Not everyone with anxiety needs therapy and a bunch of education never hurt. You might not get that in therapy. If you know someone who's anxious and tired of coping, send them along to my site.
The link is in the show notes. This is one way I can help. Hi, everybody.
How are you today? Thanks for being here with me. Oh, man. I'm a little freaked out today, I have to tell you.
For my son's 18th birthday, my husband basically gave him a day at the racetrack. My son is basically learning to drive around a racetrack right now in a very fast car. That's where my momming is today.
Don't you love dangerous gifts? I remember when the kids were little, and they'd get a jackhammer toy, or the first pocket knife. Loved that gift. Anyways, I am grateful that I have insurance.
So many clients lately are coming in, you know, lately, forget it, always. One of the themes as a therapist that I see a lot is heartbreak, you guys. So when our relationships end, it's heartbreaking.
And people get really down on themselves.
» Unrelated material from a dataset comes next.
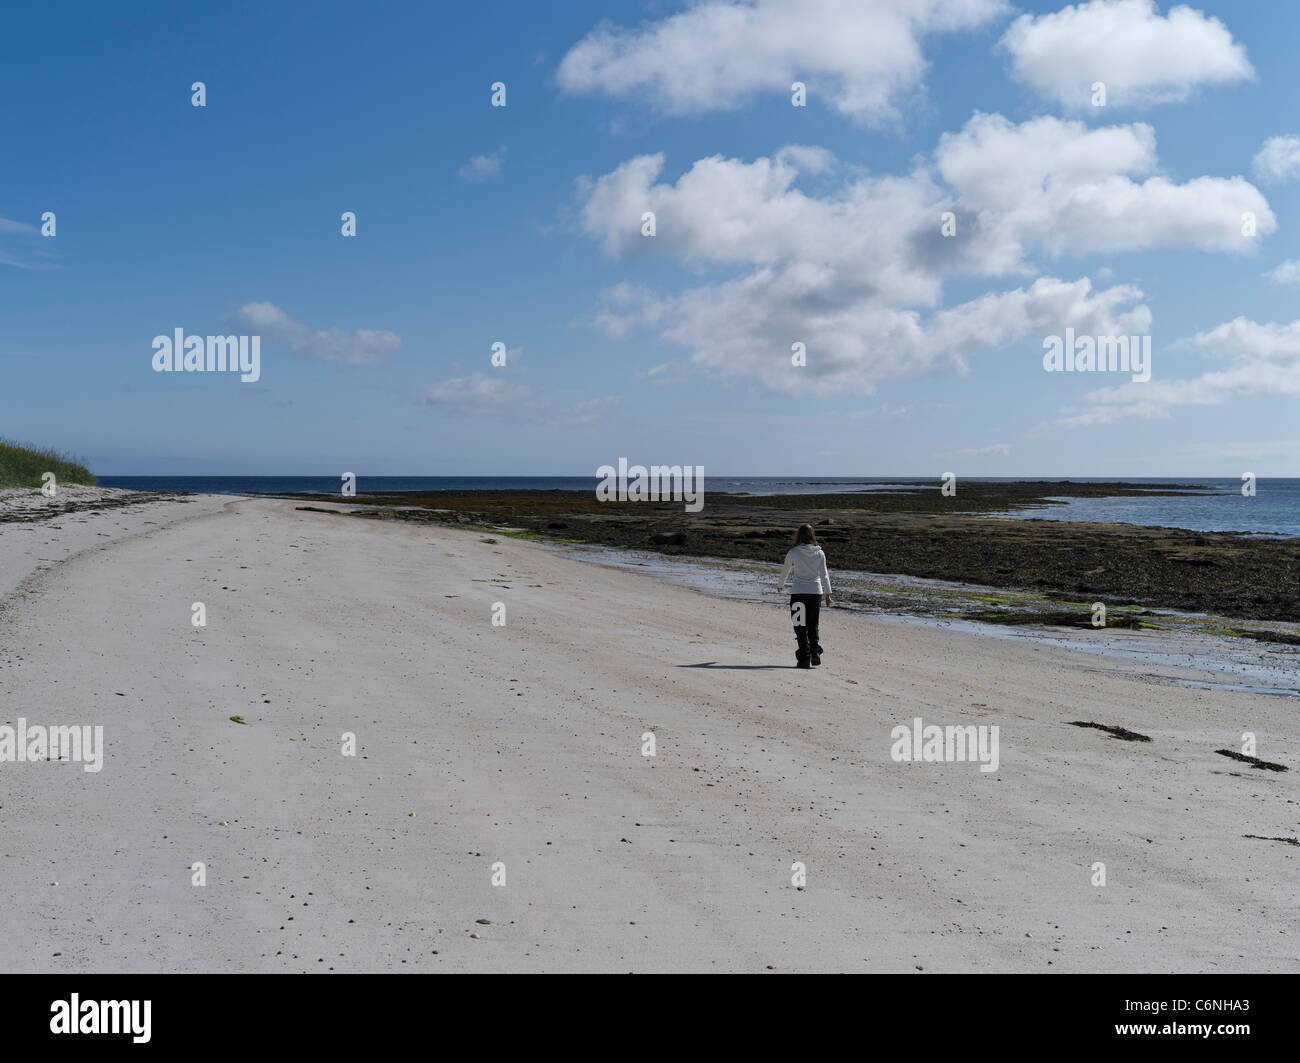 dh South Wick PAPA WESTRAY ORKNEY Tourist person walking on white sand beach sandy woman alone silver uk islands Stock Photo

And then you throw in right now, and the world is in utter disarray. And we all have so many emotions about it.
And things feel so polarizing, which is basically like, what that means is it's either this way or that way, right? Very black and white right now. I don't know if that's how you're feeling. But what I'm really seeing is that one thing really sticks out for me.
And that is how we take things so personally. So it's like, when a relationship ends, a person ends up basically like questioning who they are as a person. And yeah, so let's get into this.
And also, just across the board, we take things really personally. And here's what I want you to leave this episode with. It's not about you.
It's not about you, friend. So here, I'm going to dig into this. Because we are human beings, and the way our brain forms, we are very, for lack of a better word, self-centered.
That's just normal brain function. We basically operate from a me standpoint as human beings. And so we kind of look out at the world, and we use our own experience to interpret the world.
And so basically, what happens is that shit happens to us. Perhaps we get heartbroken, right? And then we think that that means something about us to a degree that is destructive to our relationship with ourself, to our future potential in relationships, right? So it destroys our sense of self, okay? So when we take other people's behavior or facial expressions, right, we're very sensitive. We're very sensitive.
We're looking for signs, okay? So when we take other people's behavior as a statement about ourselves, it's ludicrous, you guys, you know? And so we have to start to really process this idea that people have their own lives and their own feelings and their own experiences and perspectives, and the way they behave in the world doesn't actually always have something to do with us. And as somebody who takes things personally, talking about this today, as you know, this is basically like how I do my personal growth work. I kind of do my podcast on things that I'm seeing a lot in therapy, and then I kind of relate it back to myself and my own life and see where I can make some improvements.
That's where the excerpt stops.